In collaboration with Jovan Ilkić, he built the building of the officers' mess in Belgrade in 1895, inscribed on the list of cultural treasures of the city of Belgrade. In 1898-1899 Milorad Ruvidić built the house of Dimitrije Krsmanović in Belgrade; due to its architectural importance, this building appears on the list of protected cultural monuments of the Republic of Serbia, and on the list of protected cultural treasures of the City of Belgrade; it now houses the Austrian Embassy in Belgrade.

Milorad Rudivić and Milan Kapetanović collaborated on the plan and design of the Serbian Pavilion in Paris in 1900 for the Exposition Universelle. Serbia's church-like pavilion not only presented a fully-fledged statement of state-sponsored notions of national identity but also functioned as a direct ideological challenge to empires and countries alike that it was more than fit to enter into the comity of nations.

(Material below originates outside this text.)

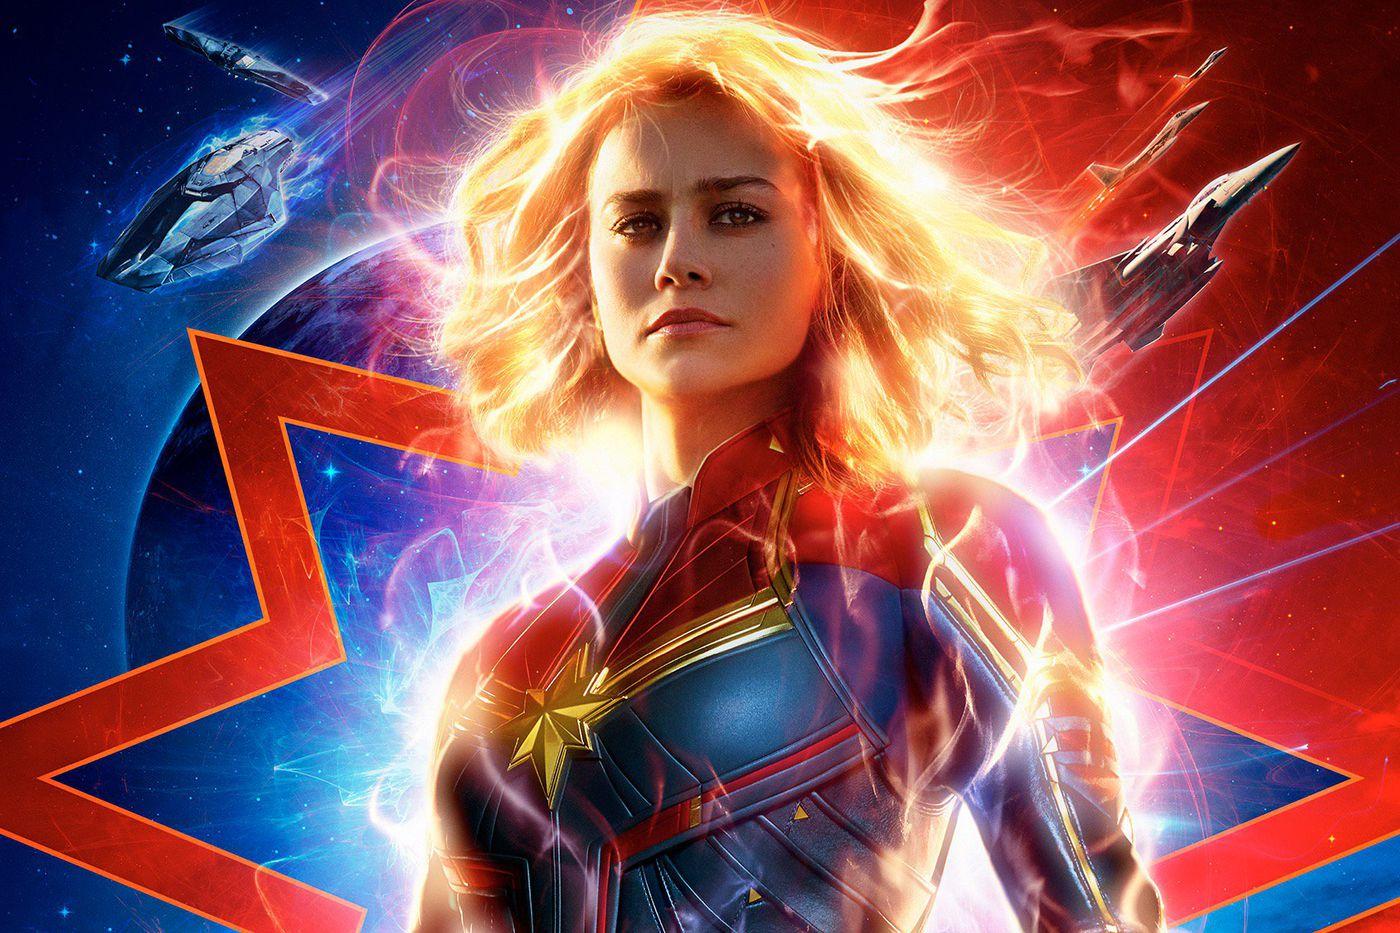 Captain Marvel's origin, powers, and comic history, explained

The Smederevo Bank building in Belgrade, built between 1910 and 1912 and characteristic of Art Nouveau and in pure Secession style, is on the list of cultural monuments of great importance of the Republic of Serbia, and on the list of protected cultural treasures of the City of Belgrade.

In 1911, Milorad Ruvidić and Branko Tanazević built the iconostasis of the Church of the Holy Transfiguration (Crkva Preobrazenje) of Pančevo; this church, constructed on plans by Svetozar Ivačković, is also on the list of cultural monuments of exceptional importance in the Republic of Serbia.